> [Problem to work on]
Keep the images out and set the listing below down word for word.

> [Source data]

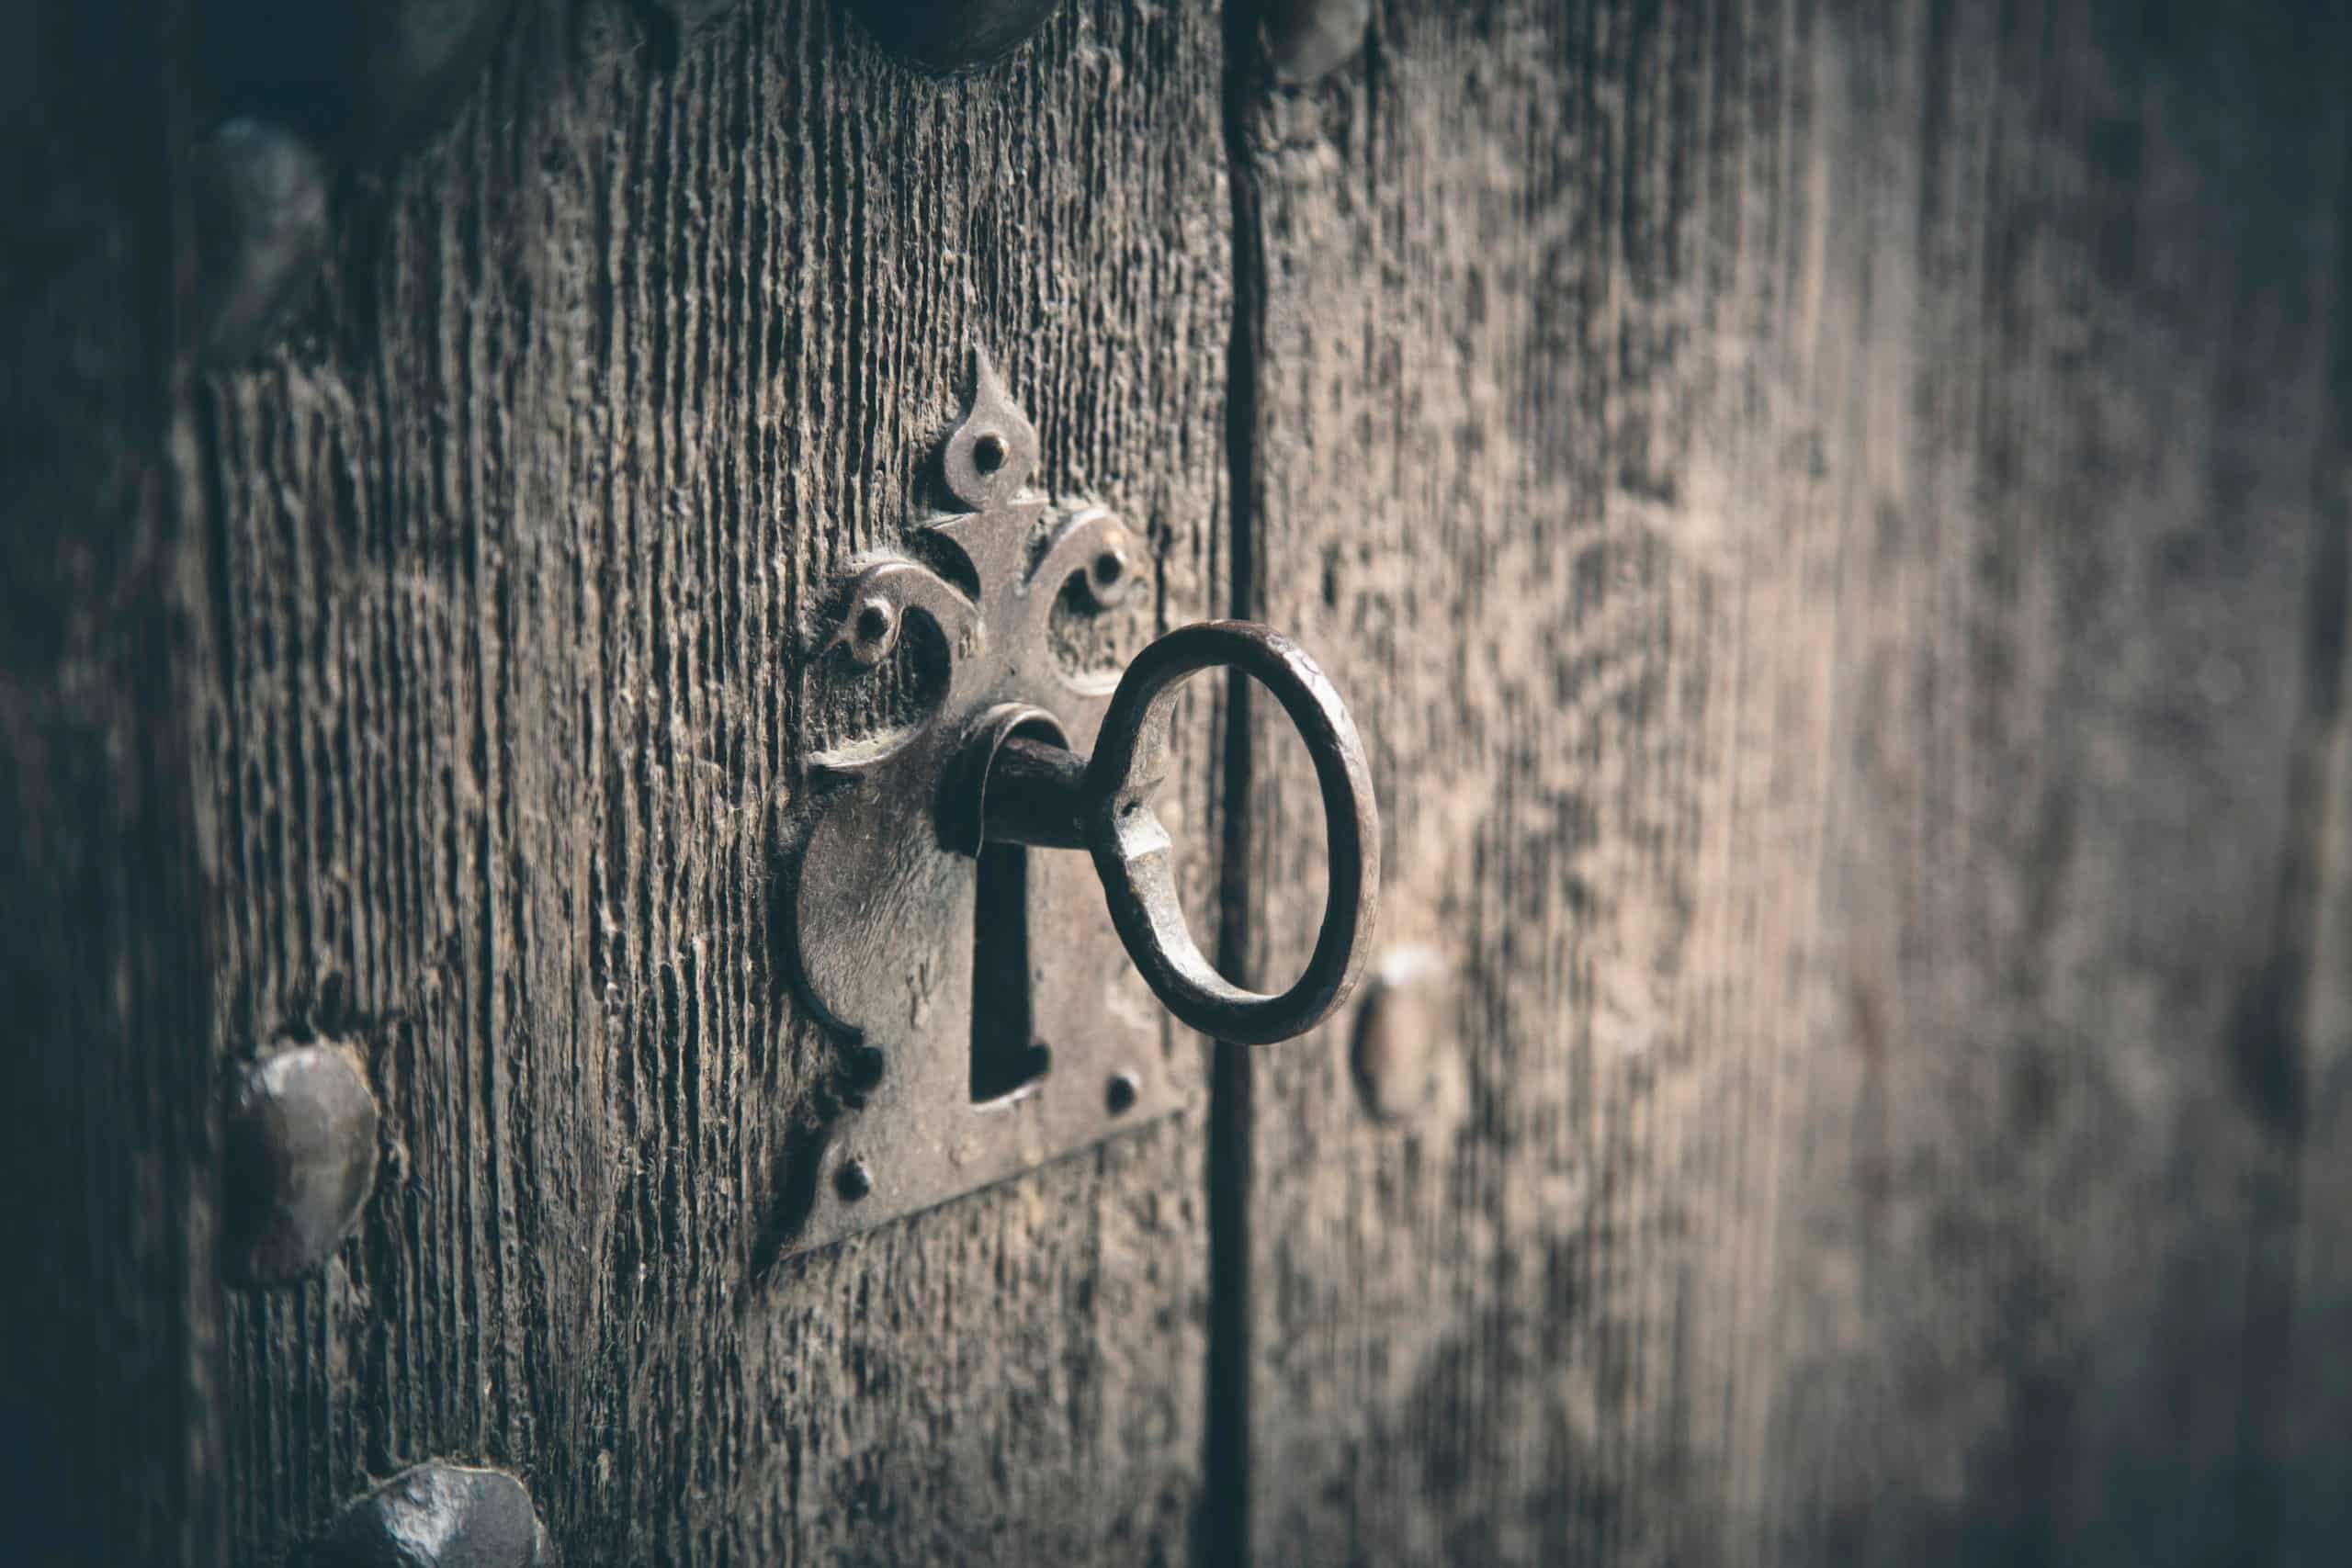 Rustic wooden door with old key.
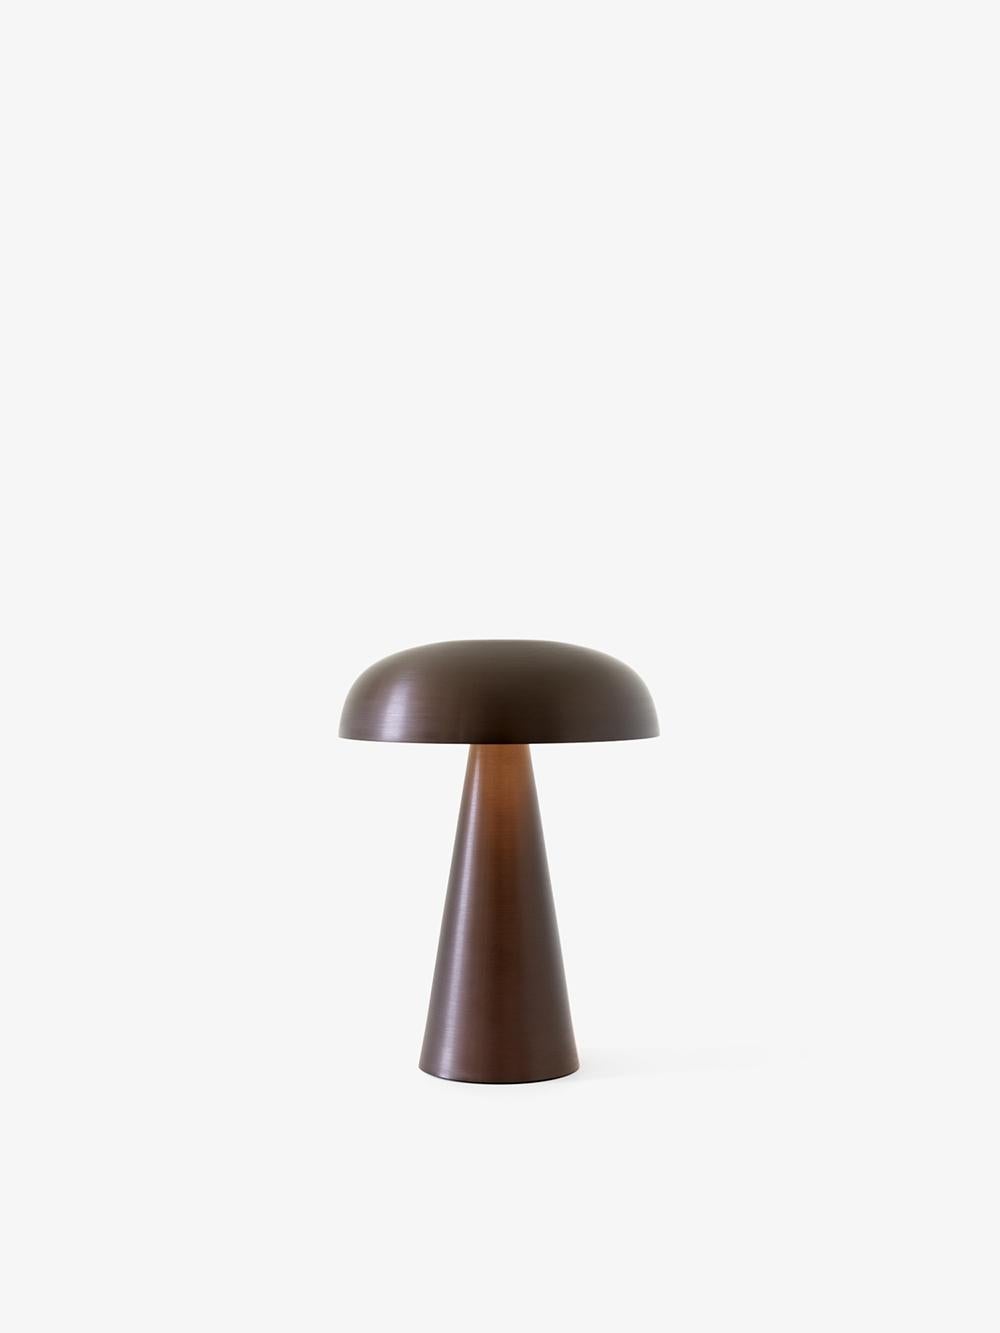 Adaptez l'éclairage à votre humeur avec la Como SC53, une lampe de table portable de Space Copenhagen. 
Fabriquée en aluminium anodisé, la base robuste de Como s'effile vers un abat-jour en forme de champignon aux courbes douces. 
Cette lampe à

> [Solution for this task]
 Rustic wooden door with old key.
 Adaptez l'éclairage à votre humeur avec la Como SC53, une lampe de table portable de Space Copenhagen. 
Fabriquée en aluminium anodisé, la base robuste de Como s'effile vers un abat-jour en forme de champignon aux courbes douces. 
Cette lampe à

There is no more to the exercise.